I usually don’t like heroine stupidity. In this book Trisha does some very stupid things, but that’s ok because she is a nine-year-old girl. She doesn’t have adult judgment. It fits her character. It is reasonable that she doesn’t know about hugging trees. Instead, she looks for a stream of water that she believes will lead her to the ocean like in the Amazon jungle. But that doesn’t work here. So her lack of knowledge gets her into trouble.
The dangers to Trisha are lack of food, water, shelter, and warmth. She suffers insect bites. At times she senses she is being watched or followed. She may be the prey of an animal. I was surprised and delighted with her actions during a major conflict. And I was pleased with the happy ending for Trisha. I had tears of relief.

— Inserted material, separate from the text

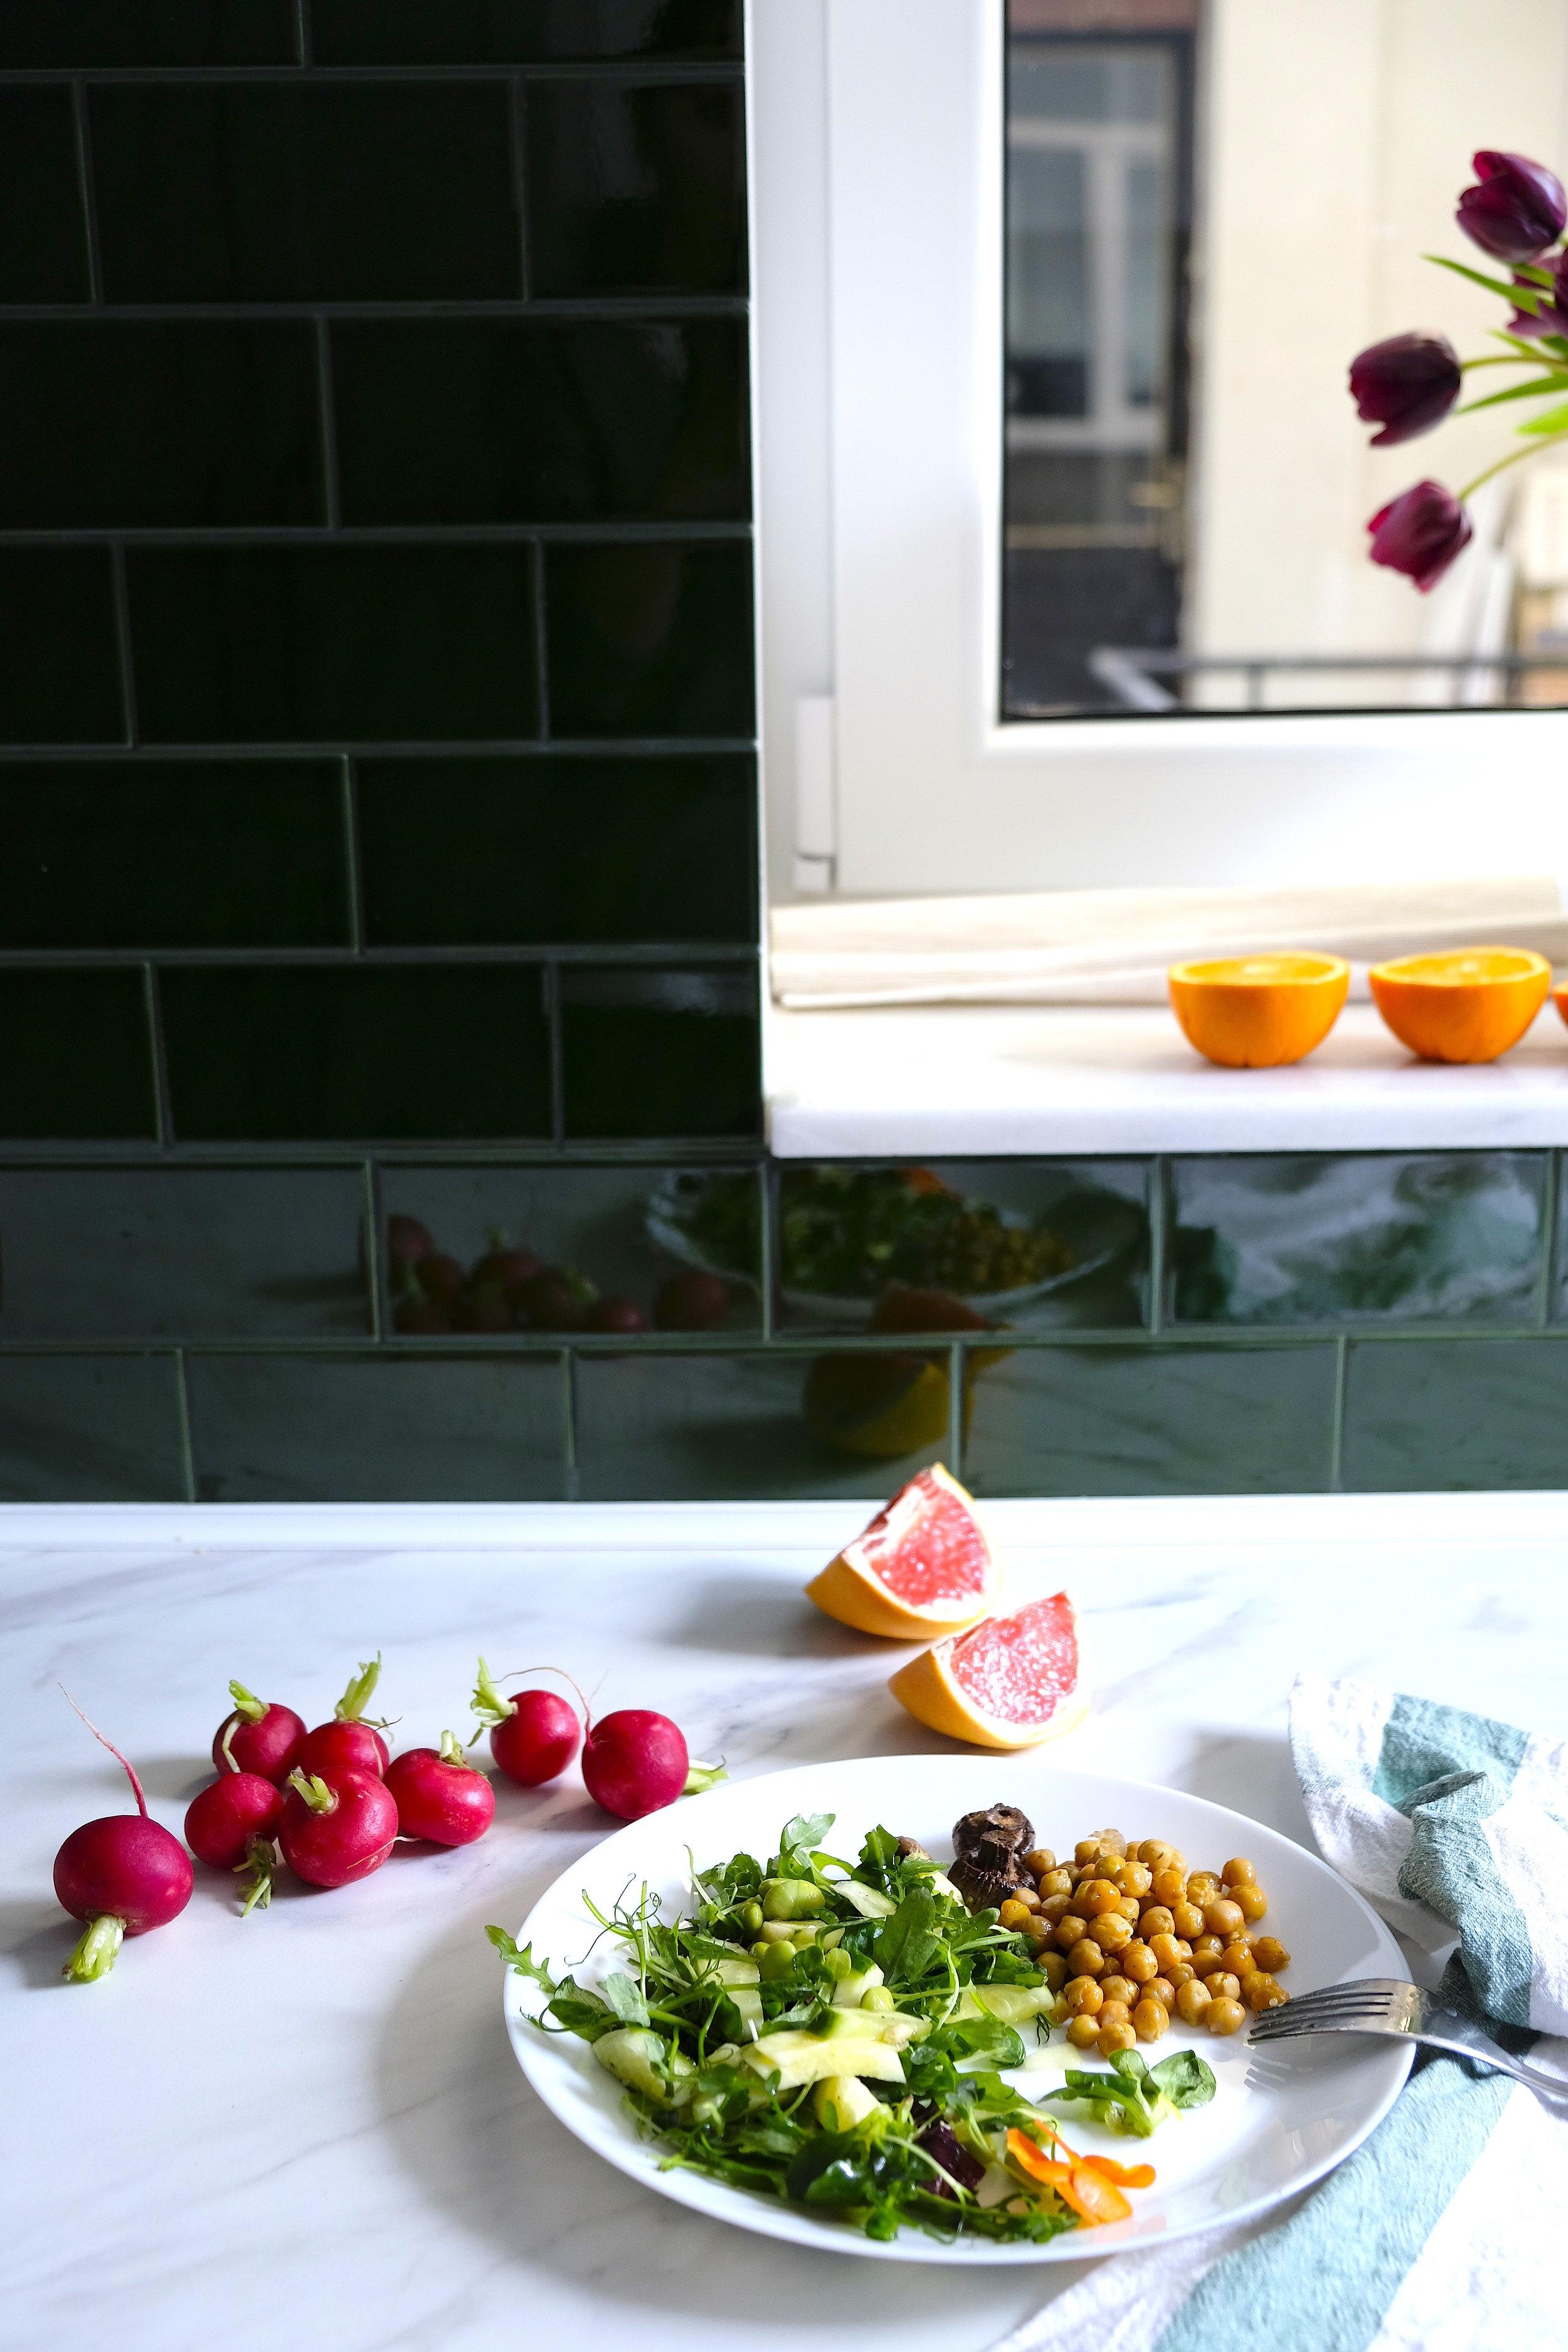 Prânz sănotos_idei pentru birou_salată organică și năut la cuptor_The Nature Project.jpg

This reminded me of “Hatchet” by Gary Paulsen, about a thirteen year old boy surviving alone in the wilderness. That story was written by a wilderness survival guy and I was wowed by things happening in the wild. King’s book has survival elements but is more about the girl’s thoughts and attitude. Both books are good for young adults, as long as one is ok with occasional strong language in King’s book.
The narrator Anne Heche was excellent.
Genre: young adult adventure fiction
I remember when I was 7 years old going to the Bronx zoo with my parents. Around the Elephants (which I wanted to see more than anything) I realized that my parents were no longer right next to me. They were gone and I was lost. An absolute panic washed over me as I tried to collect my scattered adolescent thoughts. I cried and shook all over. It felt like 2 hours till I was found. In reality it was more like 2 min.
This story is like that times a million! I remembered that feeling of despair.
I really enjoyed it!
I listen to books as I work. It's a beautiful life.
With Stephen King it's really a hit or miss. He can hit it out of the ballpark or it can burn and crash. This book was recommended by my co-worker as her favorite of his works. Not for me. I really disliked this book. I thought it was boring and tedious. One of those books that I was simply waiting for it to end.
I enjoyed this book, but it's almost entirely the ramblings and internal turmoil of a young girl lost in the woods. (And some of those ramblings were really very funny.) I guess i missed the normal dialog you get in a more typical story. Like i said, i enjoyed it, but not a favorite. Narration was really quite good.